## [REQUIRED WORK]
When you write out the listing, keep each word exactly as it stands but include none of its images.

## [GIVEN MATERIAL]
-----
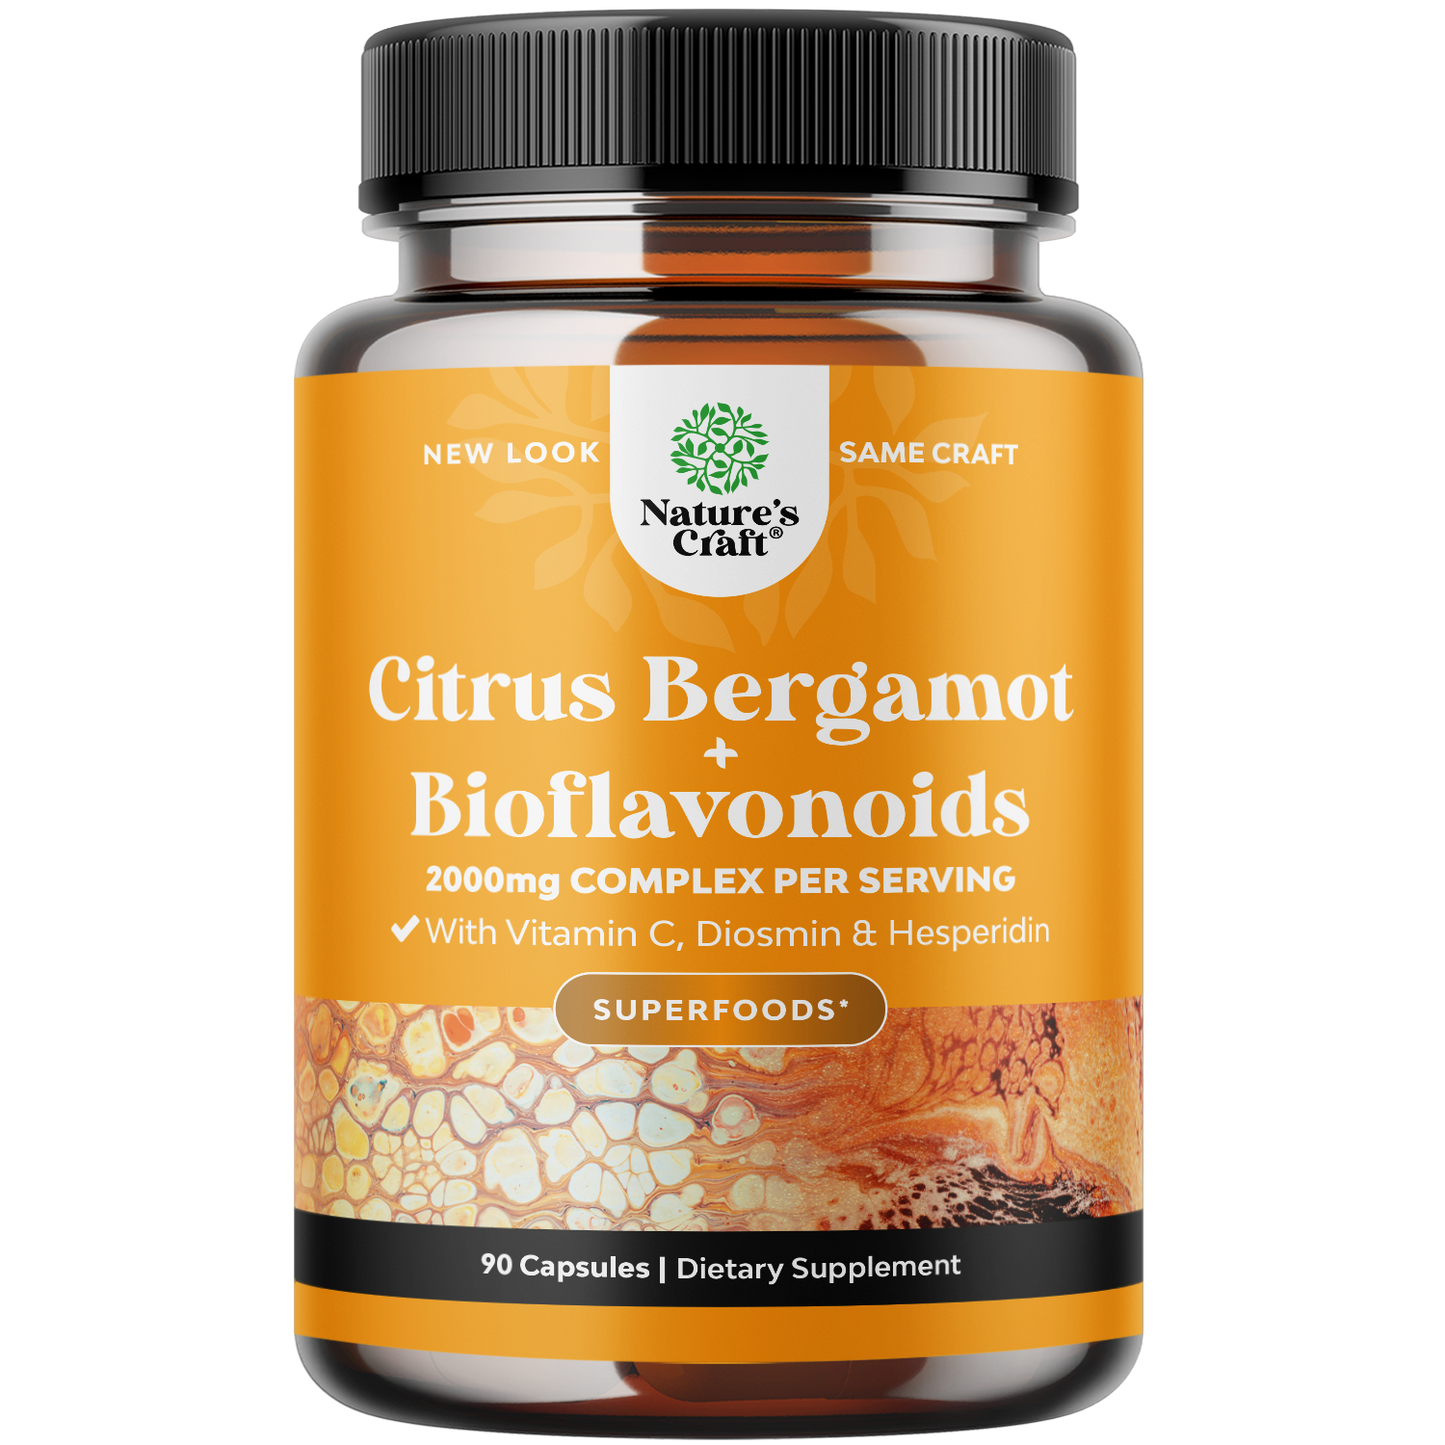 Citrus Bergamot + Bioflavonoids - 90 Capsules
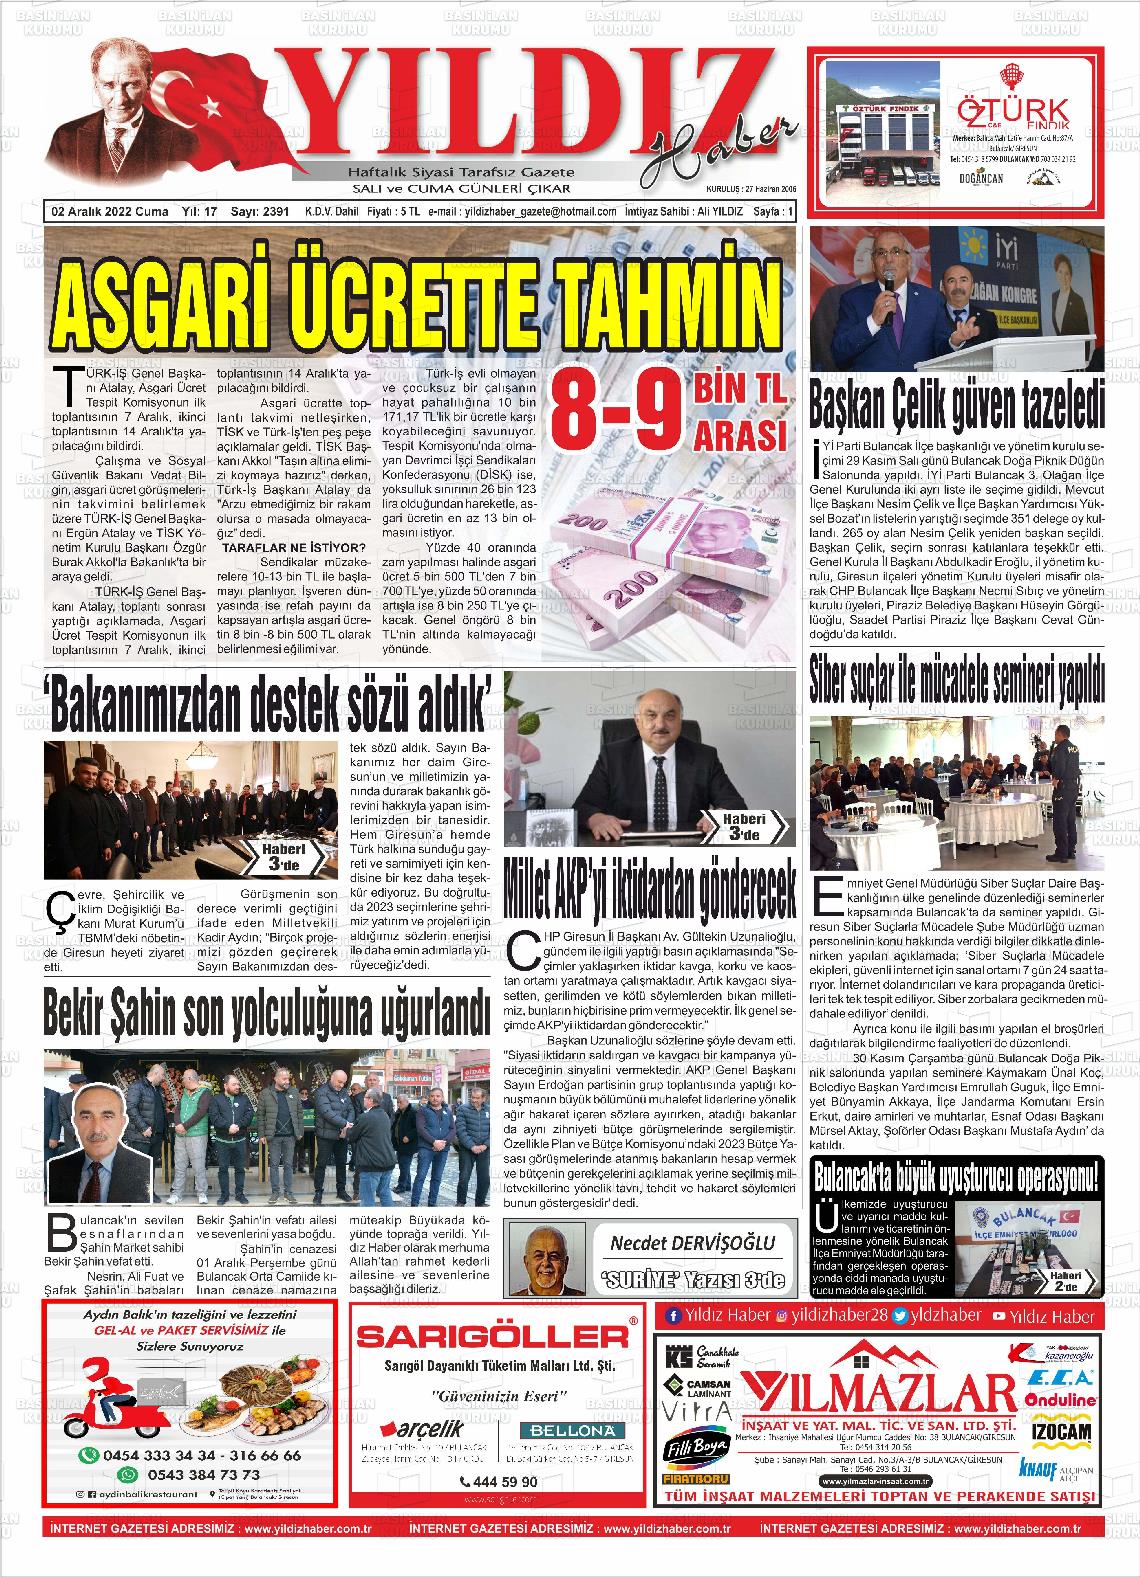 02 Aralık 2022 Yıldız Haber Gazete Manşeti
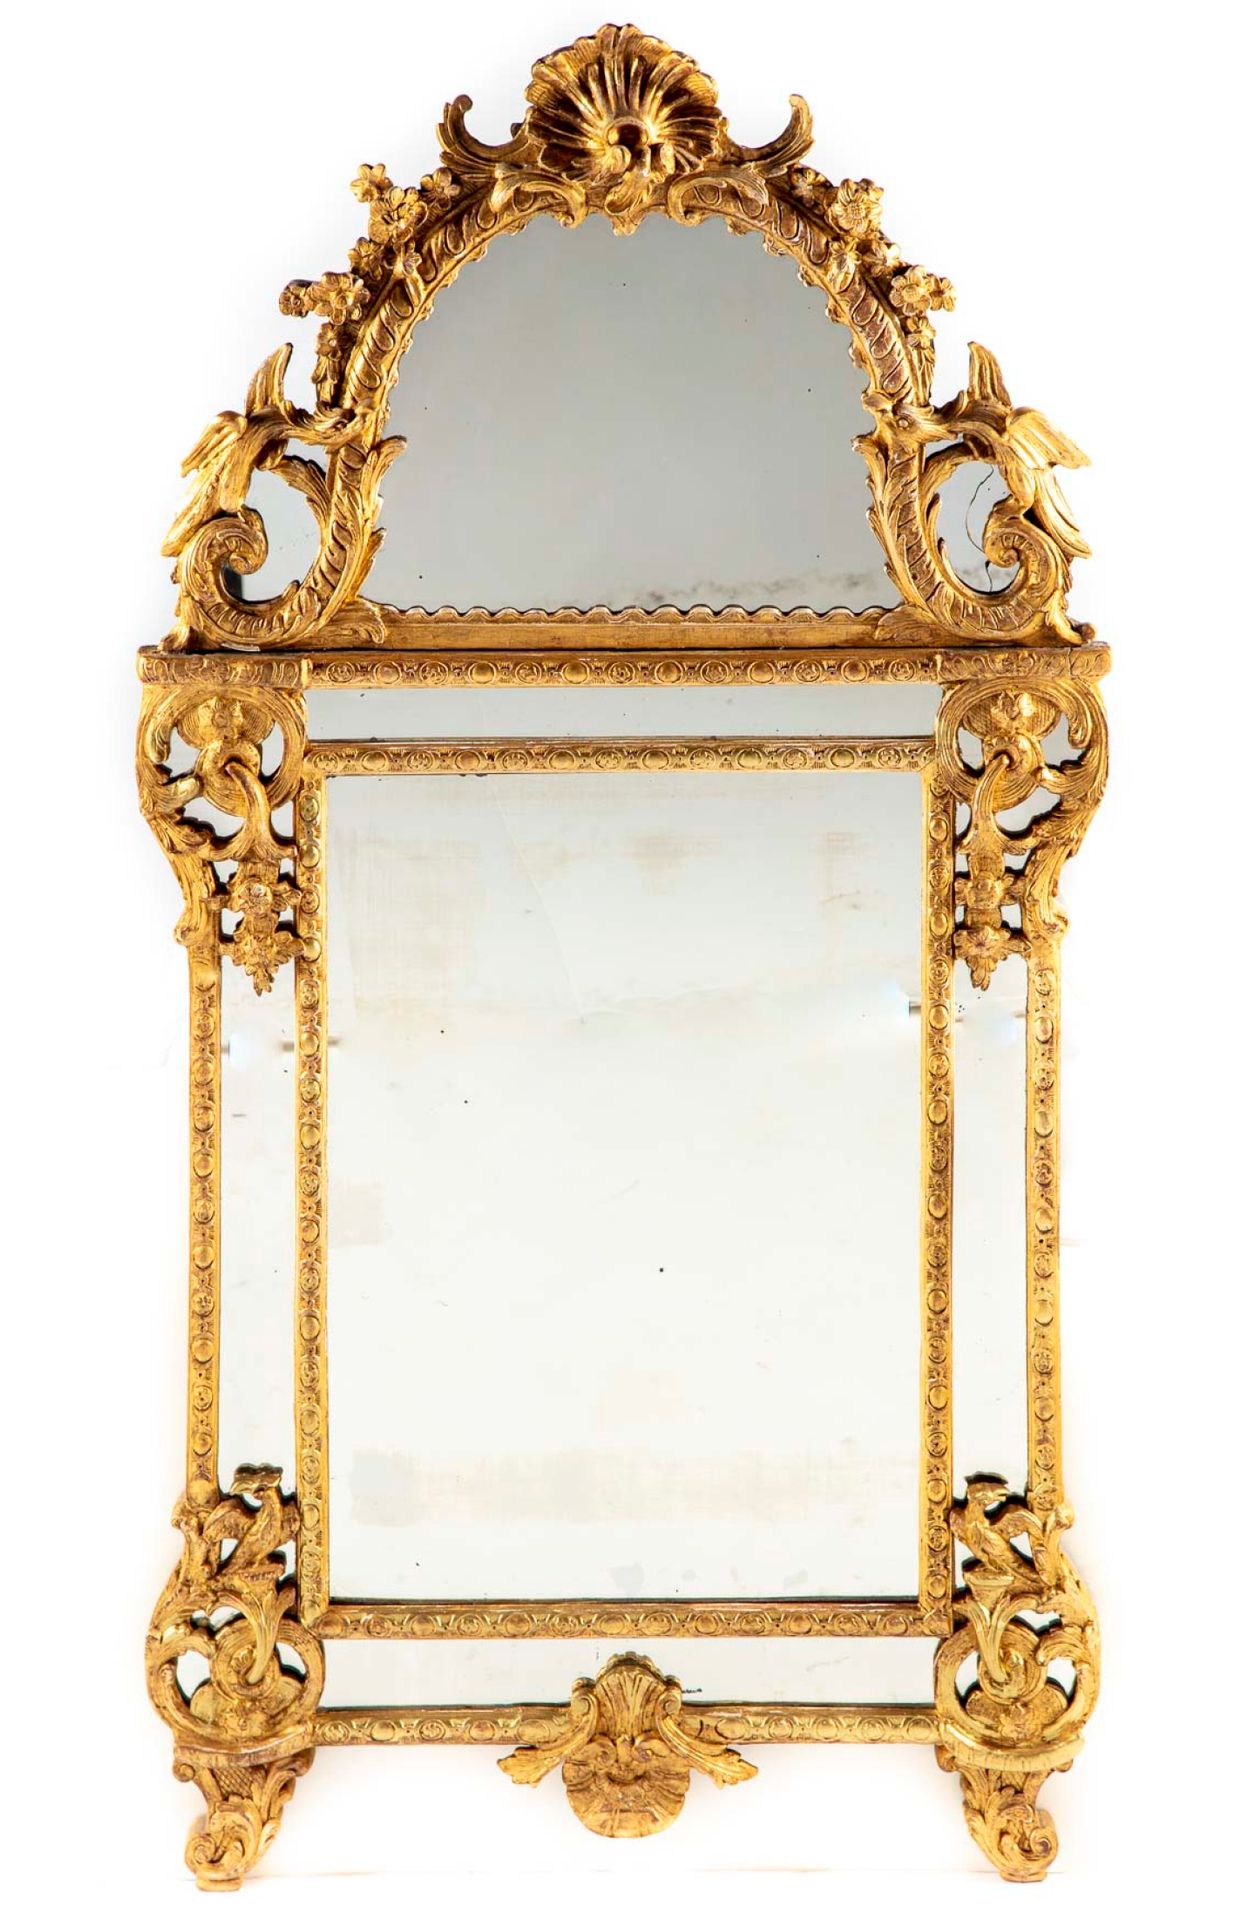 Null Vergoldeter Holzspiegel verziert mit Laub, Muscheln, Blumen und Vögeln

Lou&hellip;
-----
## [SOLUTION TO THIS TASK]
 Citrus Bergamot + Bioflavonoids - 90 Capsules
 02 Aralık 2022 Yıldız Haber Gazete Manşeti
 Null Vergoldeter Holzspiegel verziert mit Laub, Muscheln, Blumen und Vögeln

Lou&hellip;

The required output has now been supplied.